Monday, November 9, 2009

Batter coated lotus stem fingers (Nadur Monji)

Batter coated lotus stem fingers (Nadur Monji)


 

Prep Time
10 Mins
Cook Time
15 Mins
Serves
8

Scrape the lotus stems and cut off the ends. Wash thoroughly under running water, ensuring that no mud remains in the stems.

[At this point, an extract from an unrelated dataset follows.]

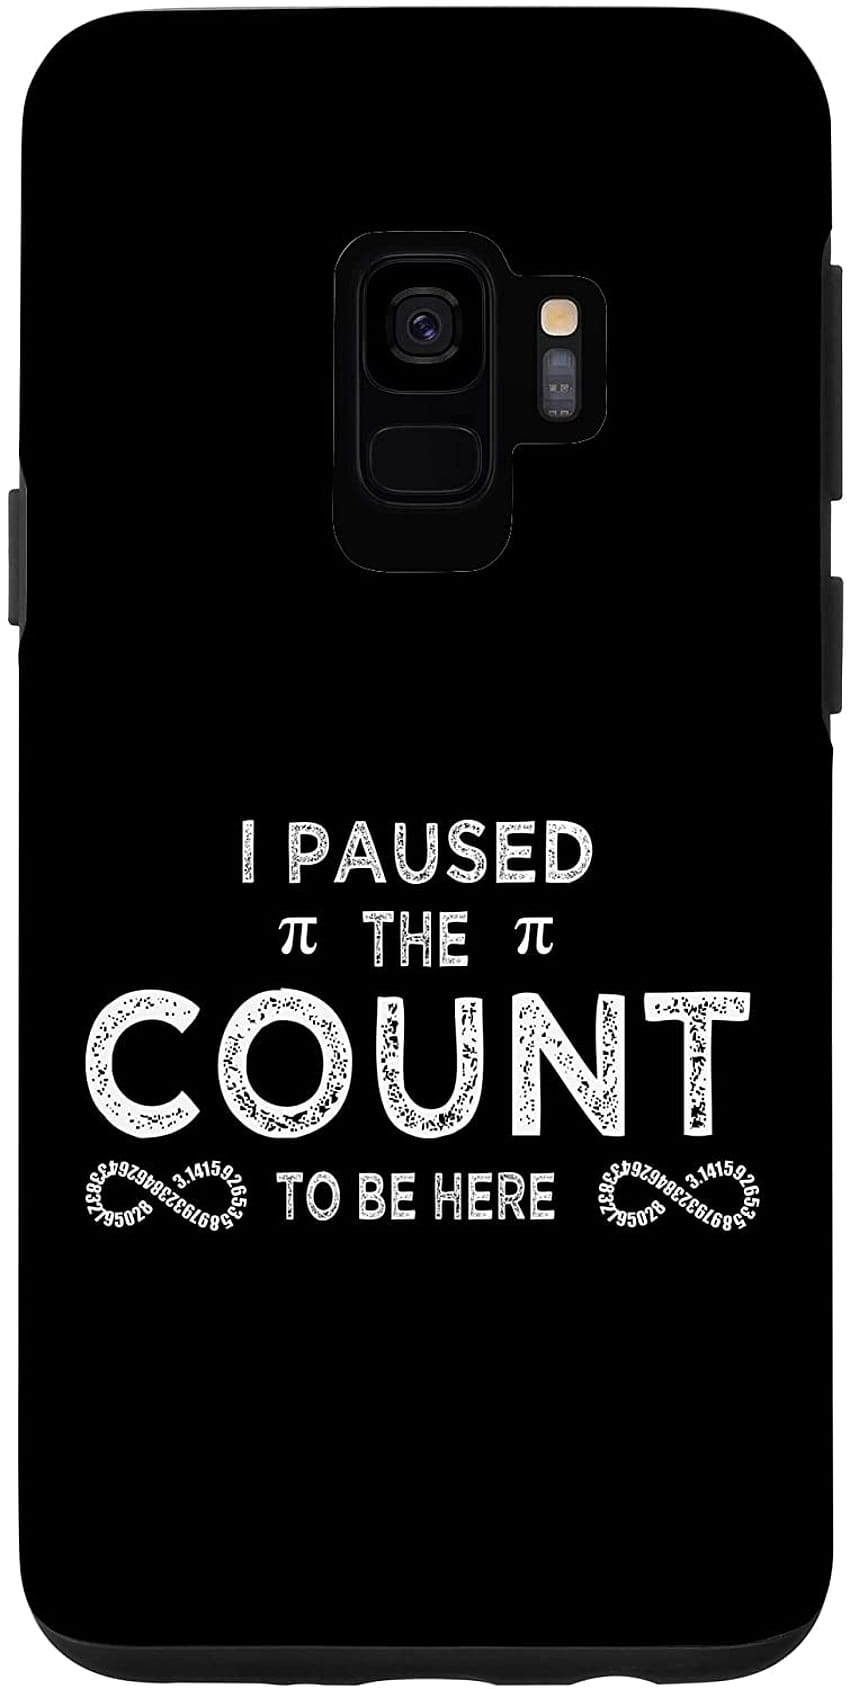 Galaxy S PI In Math 3,14 Number Symbol For Math Teacher Case : Cell Phones & Accessories HD phone wallpaper

Appetizer, Side Dish Recipes

1   INGREDIENTS
  • Lotus stems(kaml kakri) 500 g
  • Refined flour (maida) 1/2 cup
  • Soda bicarbonate a pinch
  • Red chilli powder 1 tsp
  • Salt to taste
  • Water 1/2 cup
  • Drops Red colour 1/2 cup
  • Vegetable oil for fry 1 cup
2   COOKING DIRECTIONS
  1. Scrape the lotus stems and cut off the ends.
  2. Wash thoroughly under running water, ensuring that no mud remains in the stems.
  3. Cut the stems into 3 inch pieces and then slice each piece into 4 - 6 fingers.
  4. Wash well again.
  5. In a big bowl, mix flour, soda bicarbonate, red chilli powder, salt, and enough water to make a batter of dropping consistency.
  6. Mix in the red colour.
  7. Heat the oil in a deep pan, dip lotus stems into the batter and then deep-fry until golden in colour.
  8. Remove with a slotted spoon and drain the excess oil on absorbent kitchen towels.
  9. Serve hot as a snack or as an accompaniment.